Everything in the listing should be transcribed exactly, apart from the pictures.

DATA BELOW >>
+-------+

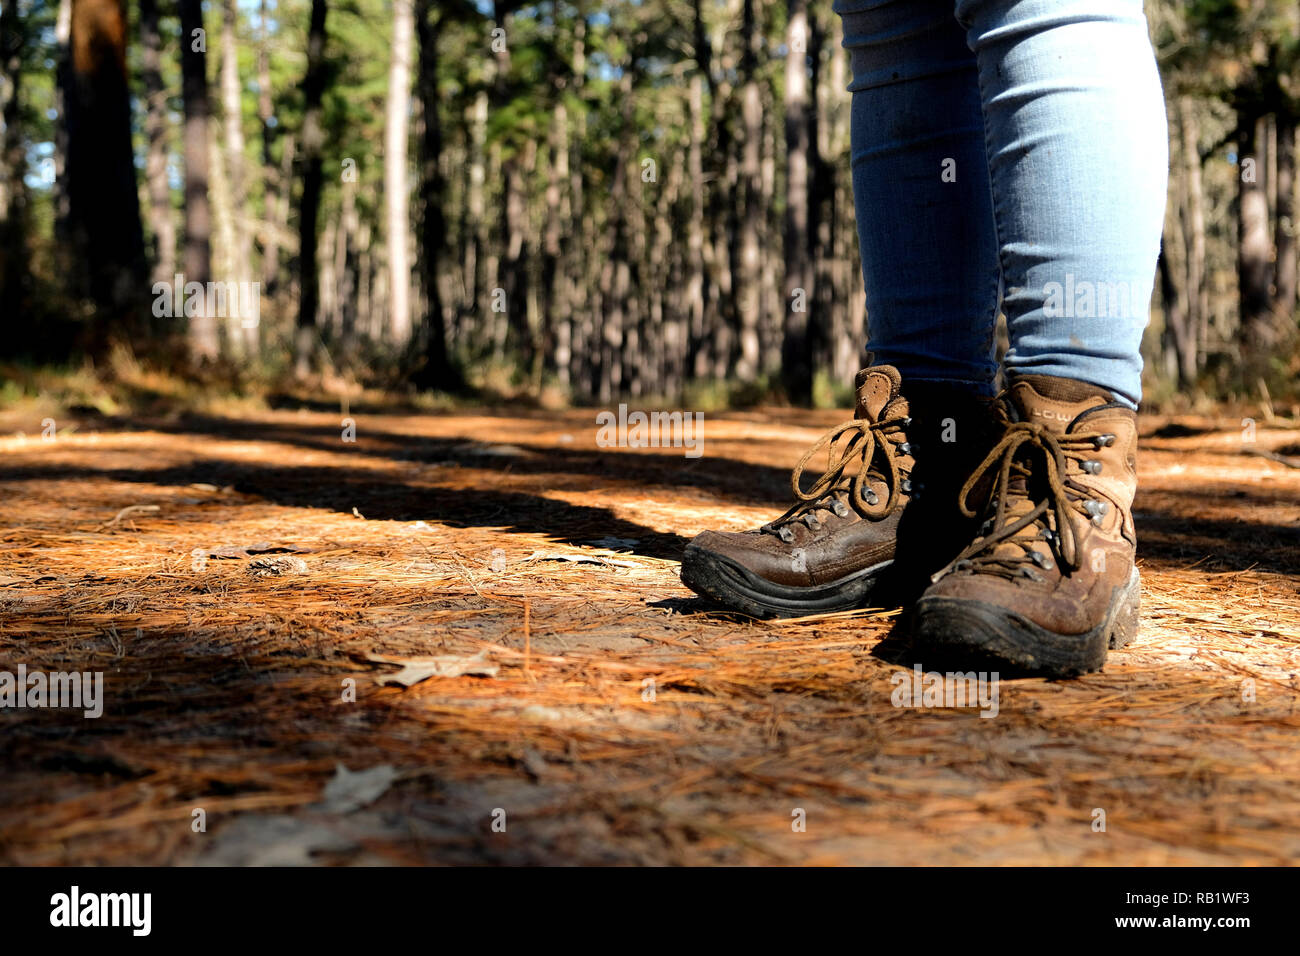 legs wearing jeans and hiking boots 
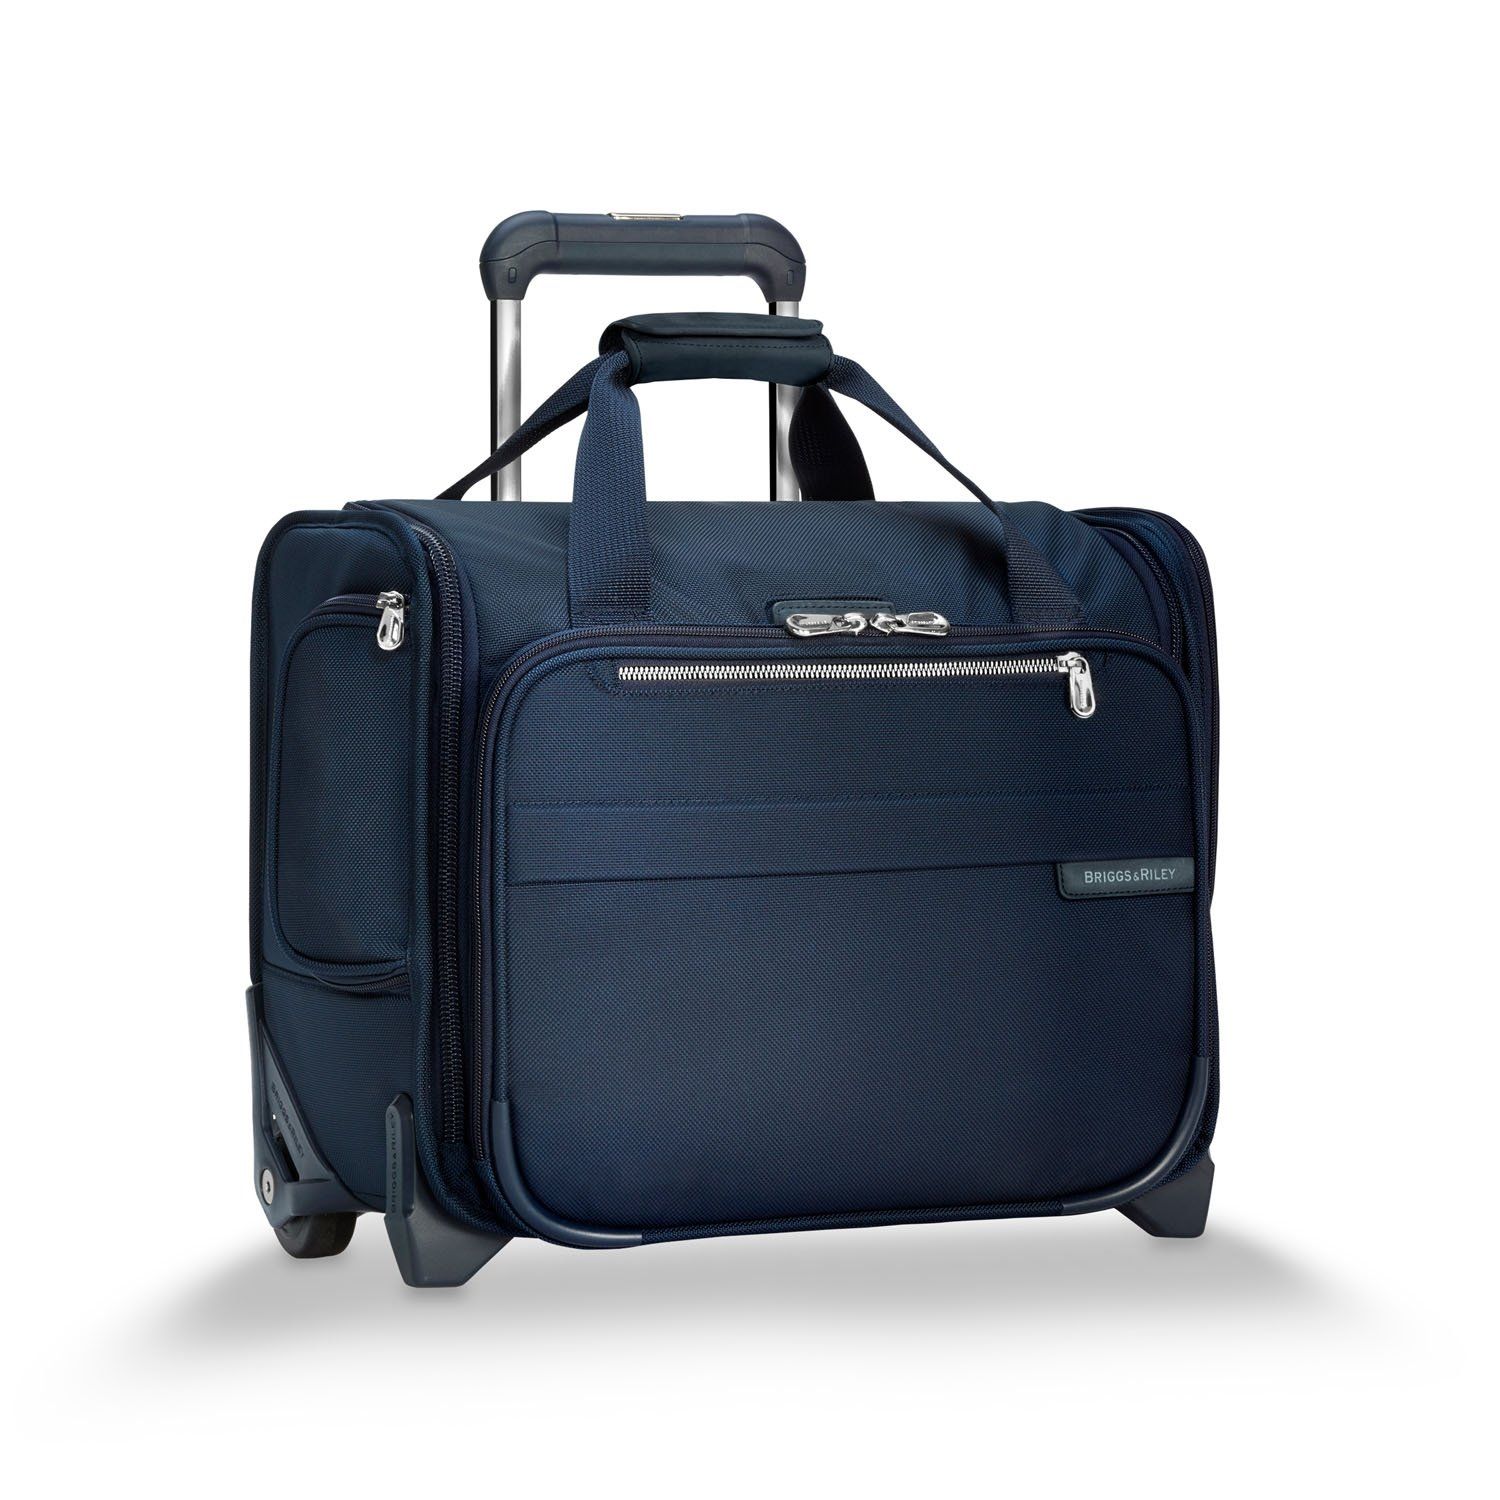 The ideal luggage to carry on board, this wheeled cabin bag keeps you organised with every turn. Fits under most airline seats as well as in the overhead compartment. Key features include: Padded pocket for iPad®. Roomy, gusseted main compartment allows bag to be easily packed and organised. Three elastic mesh pockets provide additional organisation for smaller items like belts and other accessories. Interlocking handle system allows bag to stack and stay secure on top of other Briggs & Riley Baseline Uprights®. Outsider® handle provides greater interior capacity and a flat interior surface for packing so clothing arrives wrinkle-free. Side water bottle zipper pocket for easy access to beverage.
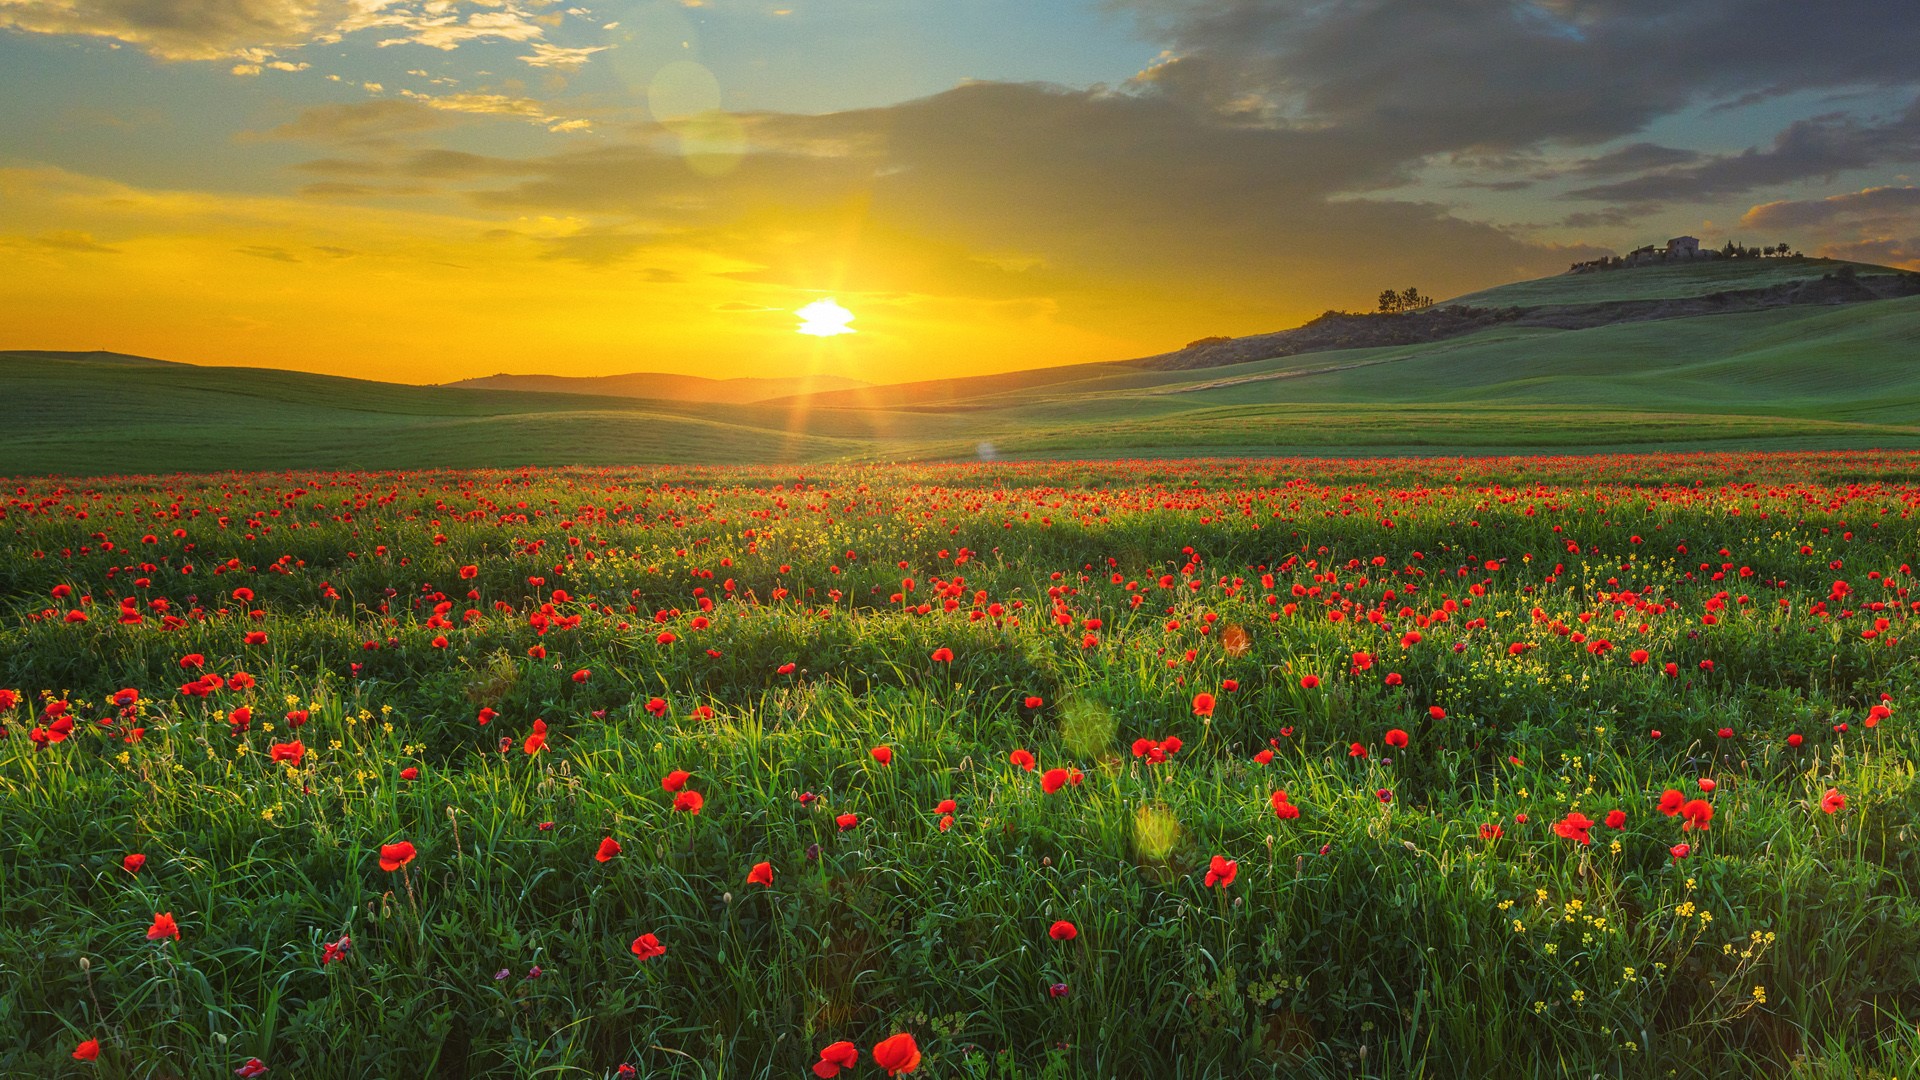 Landscape with poppies in Val d'Orcia at sunset, Tuscany, Italy ...

+-------+

ANSWER TO THIS PROBLEM >>
 legs wearing jeans and hiking boots 
 The ideal luggage to carry on board, this wheeled cabin bag keeps you organised with every turn. Fits under most airline seats as well as in the overhead compartment. Key features include: Padded pocket for iPad®. Roomy, gusseted main compartment allows bag to be easily packed and organised. Three elastic mesh pockets provide additional organisation for smaller items like belts and other accessories. Interlocking handle system allows bag to stack and stay secure on top of other Briggs & Riley Baseline Uprights®. Outsider® handle provides greater interior capacity and a flat interior surface for packing so clothing arrives wrinkle-free. Side water bottle zipper pocket for easy access to beverage.
 Landscape with poppies in Val d'Orcia at sunset, Tuscany, Italy ...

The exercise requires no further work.